3.5. Quantitative Comparative Experiments

Table 3 reports the overall comparison results of eight evaluation metrics on the LEVIR-CD dataset. Our method achieves the most inspiring results in terms of Precision (93.41%), F1-score (92.02%), IOU_0 (98.07%), IOU_1 (85.22%), mIOU (91.64%), OA (98.26%), and Kappa (91.04%). Notably, MSCANet obtains the highest Recall (91.85%), indicating that the effective combination of CNN and Transformer can improve the network’s ability to perceive building changes. Our proposed method has a slightly lower Recall value than LUNet, IFNet, BITNet, and MSCANet, but our F1-score value is still 2.7% higher than BITNet, demonstrating that our method has the strongest comprehensive performance.

Table 4 presents the quantitative comparison results of our method and the comparison methods on the SYSU-CD dataset. Among the comparison methods, FC-EF achieves the best Recall value, with a Precision and F1-score of 64.58% and 75.13%, respectively, which are 20.79% and 5.53% lower than our Precision and F1-score. Benefiting from its multi-scale feature fusion strategy, IFNet obtains an F1-score of 80.98%, exceeding ours by 0.32%. The MMDF module can reduce the loss of key information in the process of multi-scale feature fusion. Therefore, we have the highest Precision value of 85.37%, which is 4.75% higher than the second ranked BITNet.

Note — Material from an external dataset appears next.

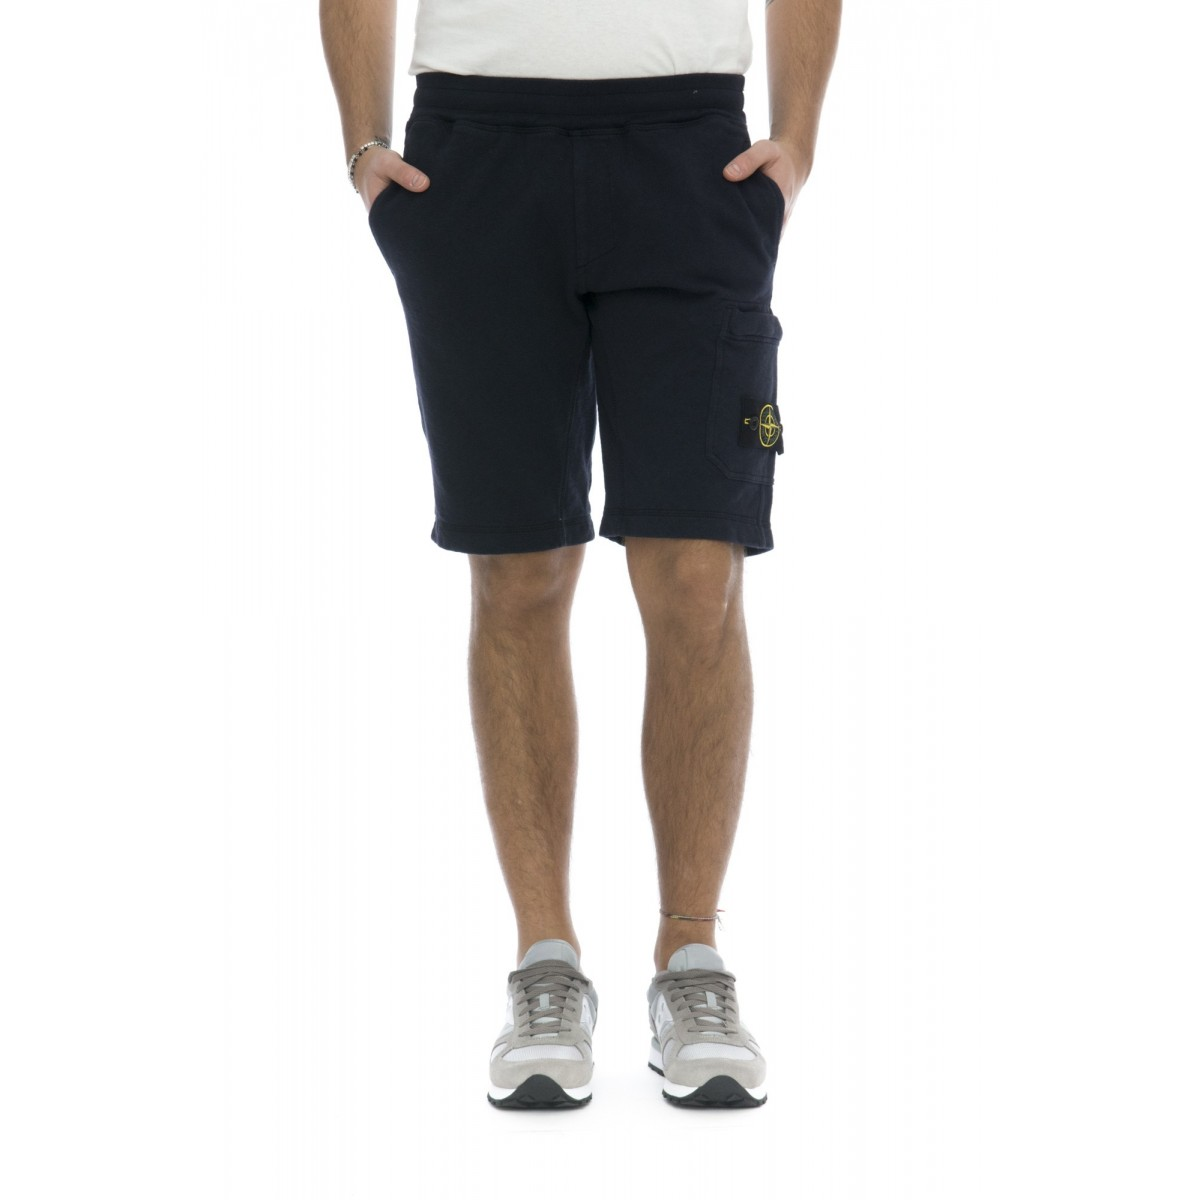 Bermuda - 66360 bermuda jogging felpa

Table 5 shows that we outperform the other eight methods in terms of Precision, F1-score, IOU_0, IOU_1, mIOU, OA, and Kappa, achieving 91.44%, 89.22%, 98.97%, 80.55%, 89.76%, 99.01%, and 88.71%, respectively, from the WHU-CD dataset. Furthermore, these results confirm the validity of the progressive context-aware aggregation and MMDR modules. Since the LSTM module in LUNet is not sensitive to building changes before and after the earthquake, its overall index is unsatisfactory. The results indicate that FC-Siam-diff achieves the highest Recall value of 94.30%, which is 7.18% higher than our method. In spite of the fact that our method does not achieve the highest Recall due to our focus on preventing false positives, our IOU_0 and IOU_1 values reach 98.97% and 80.55%, respectively, indicating that our proposed method is capable of correctly identifying unchanged and changed areas.

Table 6 shows the comprehensive comparison results of all methods from the S2Looking-CD dataset. All methods achieve lower performance than those from the above three datasets due to the presence of a large number of side-looking images and irrelevant changes, such as seasonal and light variations. Moreover, the S2Looking dataset contains fewer instances of changing buildings than the three other datasets. The IOU_0 values of all methods are therefore over 98%, whereas the IOU_1 value is below 50%. Under cloud interference, CDNet’s performance is poor in terms of precision, which indicates that contraction and expansion blocks have difficulty detecting building changes. It should be noted that our Precision and F1-score values are still higher than the other comparison methods, achieving 69.68% and 65.36%. This shows that our proposed method is also capable of handling difficult datasets.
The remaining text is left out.